Visscher Ellen, Yau Christopher
Nuffield Department for Women's & Reproductive Health, University of Oxford, Women's Centre, John Radcliffe Hospital, Oxford OX3 9DU, United Kingdom.
NAR Genom Bioinform. 2025 Sep 9;7(3):lqaf124. doi: 10.1093/nargab/lqaf124. eCollection 2025 Sep.
Somatic copy number alterations (CNAs) are hallmarks of cancer. Current algorithms that call CNAs from whole-genome sequenced (WGS) data have not exploited deep learning methods owing to computational scaling limitations. Here, we present a novel deep-learning approach, araCNA, trained only on simulated data that can accurately predict CNAs in real WGS cancer genomes. araCNA uses novel transformer alternatives (e.g. Mamba) to handle genomic-scale sequence lengths (∼1M) and learn long-range interactions. Results are extremely accurate on simulated data, and this zero-shot approach is on par with existing methods when applied to 50 WGS samples from the Cancer Genome Atlas. Notably, our approach requires only a tumour sample and not a matched normal sample, has fewer markers of overfitting, and performs inference in only a few minutes. araCNA demonstrates how domain knowledge can be used to simulate training sets that harness the power of modern machine learning in biological applications.

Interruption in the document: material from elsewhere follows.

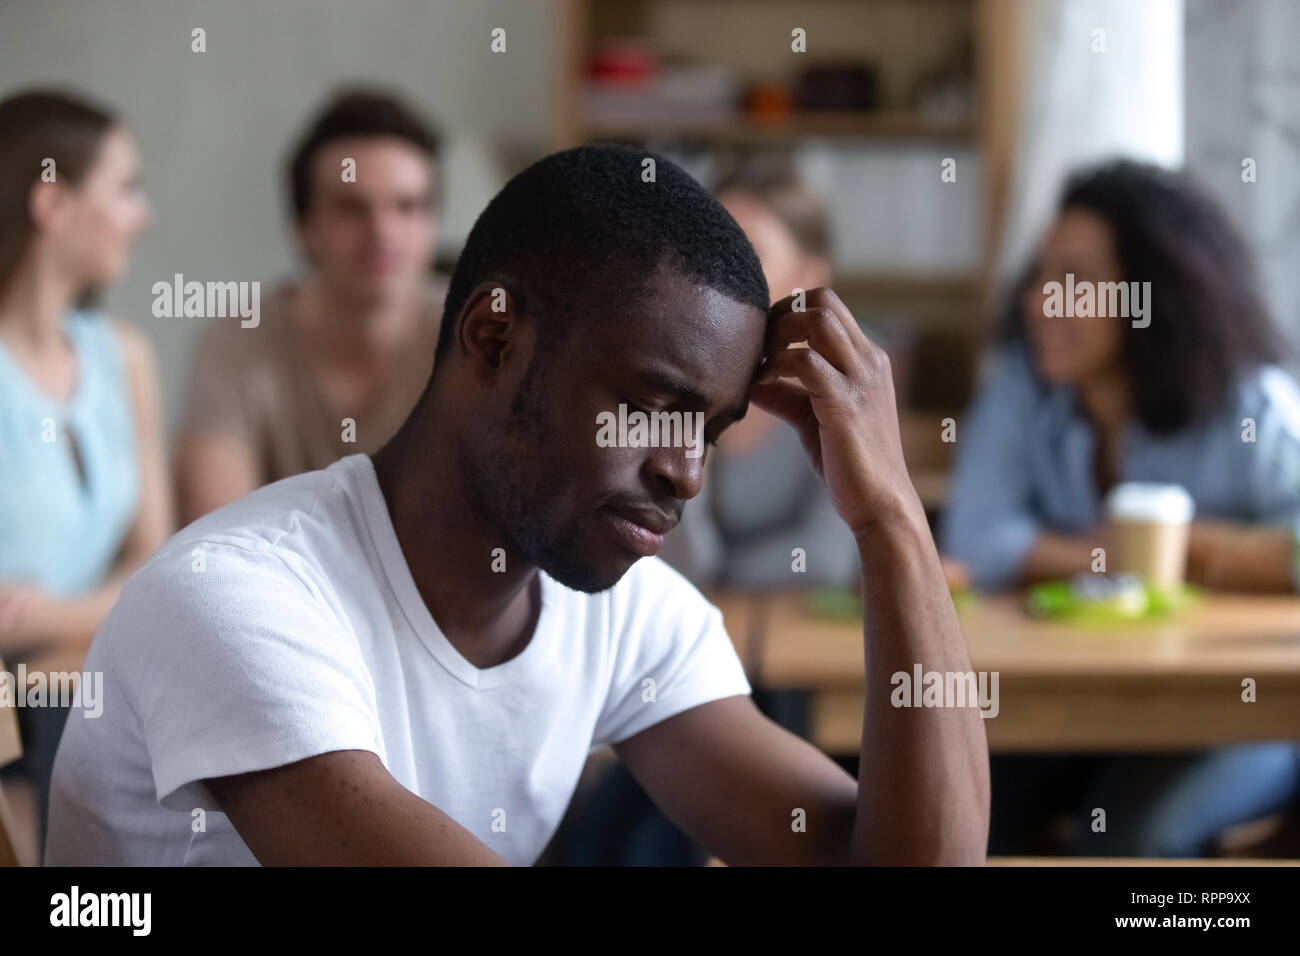 Triste americano africano l uomo che soffre di bullismo o discriminazione razziale Foto Stock

体细胞拷贝数改变(CNA)是癌症的标志。目前从全基因组测序(WGS)数据中识别CNA的算法由于计算规模限制尚未采用深度学习方法。在此,我们提出一种新颖的深度学习方法araCNA,该方法仅在模拟数据上进行训练,能够准确预测真实WGS癌症基因组中的CNA。araCNA使用新颖的变换器替代方案(如Mamba)来处理基因组规模的序列长度(约100万个碱基对)并学习长程相互作用。该方法在模拟数据上的结果极其准确,并且这种零样本方法在应用于来自癌症基因组图谱的50个WGS样本时与现有方法相当。值得注意的是,我们的方法仅需要肿瘤样本而不需要匹配的正常样本,过拟合标记更少,并且仅需几分钟即可完成推理。araCNA展示了如何利用领域知识来模拟训练集,从而在生物应用中发挥现代机器学习的强大功能。